“Let’s build an agent for that.”
That’s a common reaction to almost any problem right now. If there’s a repetitive task, someone suggests wrapping a language model in an “agent” and letting it handle everything end to end.
But an agent is only one option. You can build an agent to automate a task. You can build a normal program. Or you can simply add the functionality to the tools people already use.
The real question is: when should you build an agent, when should you build a regular program, and when should you just extend the existing tool?
Imagine a simple, old-fashioned proofreading workflow. You sit and write a document in a basic text editor. There is no built-in spellcheck, no grammar help, no automatic feedback. When the document is ready to go to print, you print it out on paper. You send this printout to a colleague for proofreading. The colleague reads the document, underlines spelling mistakes, marks typos and other errors, and writes corrections in the margins. Then you get the paper back and sit down at your computer again. You go through the marked-up pages and manually correct the original document in the text editor.
This is a separate, clearly defined step: first you write, then you print, then someone else proofreads, then you correct.
A naive “agent” approach would be to replace the colleague with a language model agent, but keep the rest of the workflow more or less the same. You still write in the same simple text editor. When you are done, you print the document or export it to a file. You send this to a system that scans or reads the document. The agent runs through the text, finds spelling mistakes and other errors, and produces a new, corrected version, maybe with underlines and suggested fixes. You then print or download this corrected version and use it to update your original document.
On paper, this sounds modern: the human colleague is replaced with an automated agent. In reality, it keeps a lot of unnecessary steps. You still print or export. You still send the document somewhere else. You still jump between different tools and representations of the same text. You have built a separate system around the work instead of improving the place where the work actually happens: the text editor.
The smarter solution is the one the world discovered quite quickly for text processing: build spellcheck into the editor itself. Instead of a separate proofreading step, the editor underlines spelling mistakes as you type. You get suggestions directly in the tool where you write. You fix errors immediately, without printing, scanning, or sending anything to a colleague or an agent. Spellcheck is not its own system; it is part of the work tool.
This is the core idea: not everything that can be automated needs an agent. Often, the right move is to bring the functionality into the tool where the user already works, instead of wrapping the old workflow in something that looks clever from the outside.

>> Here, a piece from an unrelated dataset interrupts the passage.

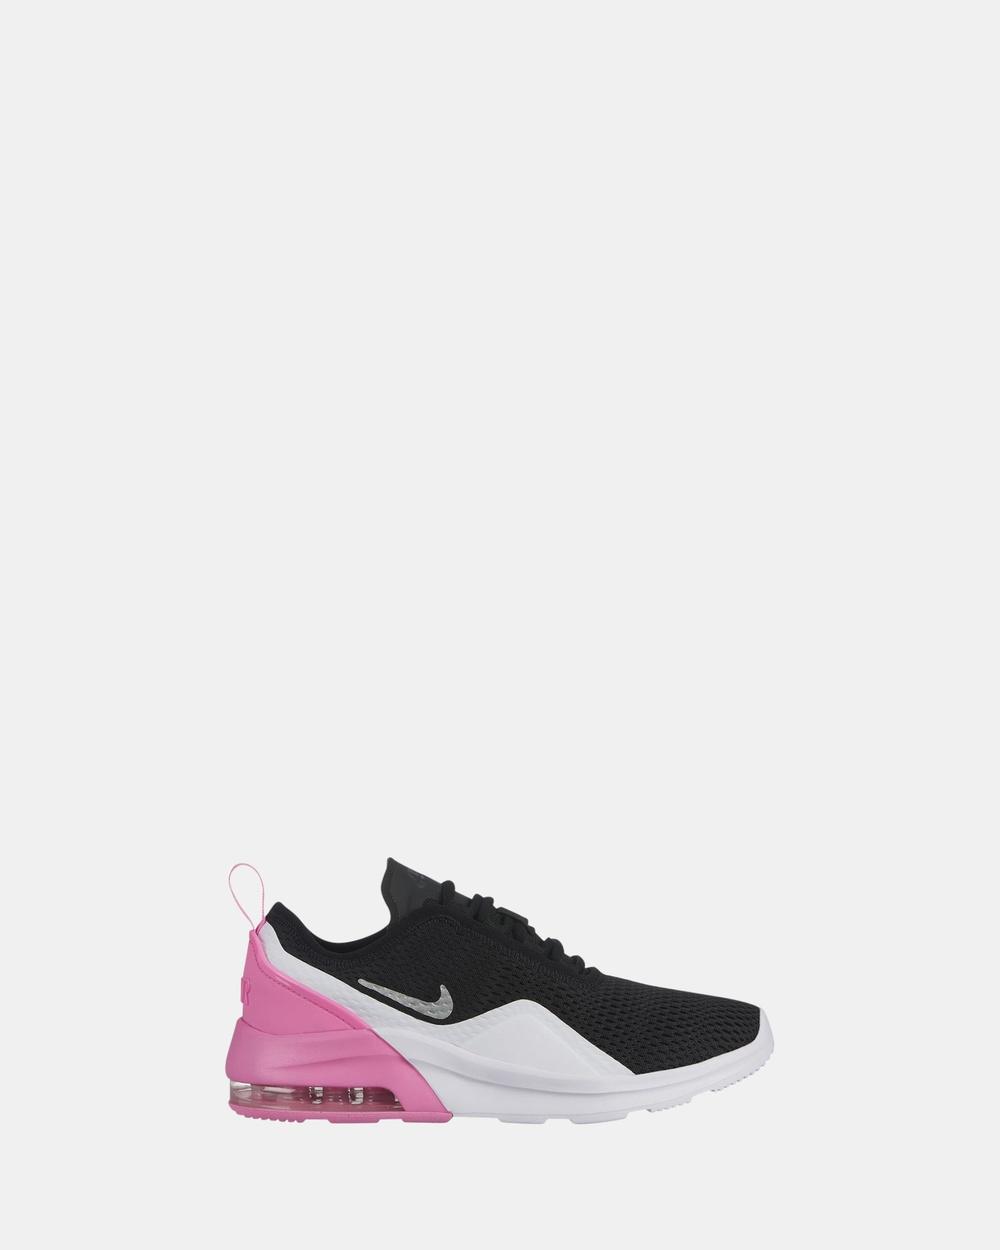 Nike - Air Max Motion 2 Grade School - Sneakers (Black Pink White) Air Max  Motion 2 Grade School 1856b00b2df1d
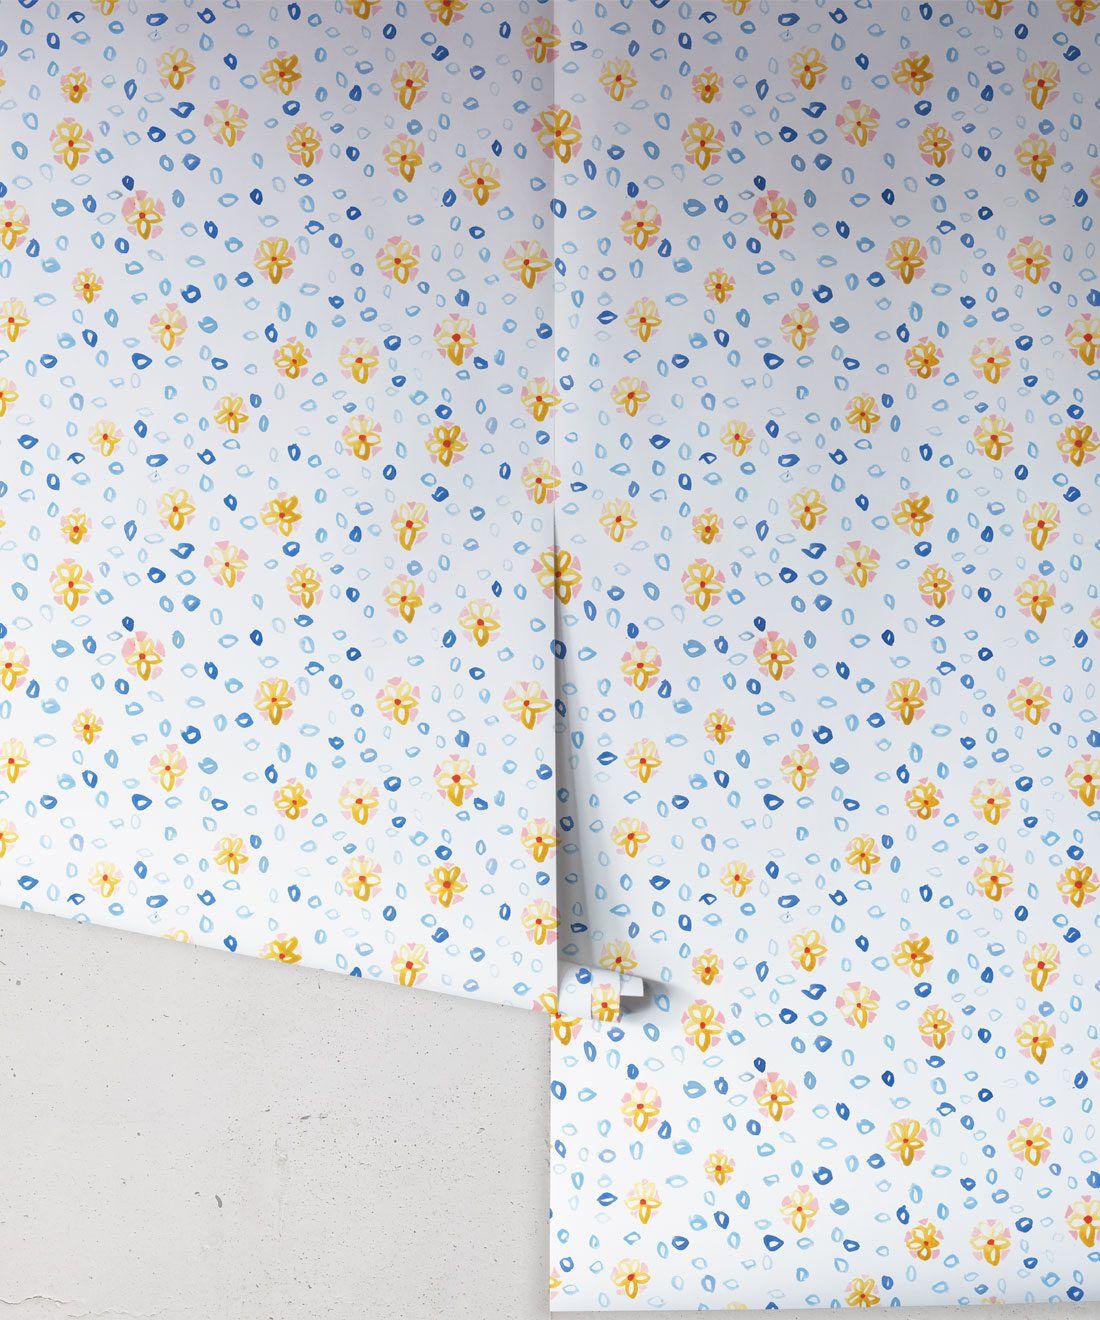 Al Hadiqa Wallpaper • Dainty Floral Design • Inky Flowery Pattern • Milton & King Australia • Wallpaper Rolls • Free Shipping

You might choose an agent when the task really does span multiple tools and systems over time, and there is no obvious main place to put the functionality. You might choose a normal program when it is a separate job with clear input and output. But when the task is tightly connected to what the user is already doing in one tool—like proofreading while writing—the natural place for that functionality is inside that tool, as part of the workflow, not as a separate agent.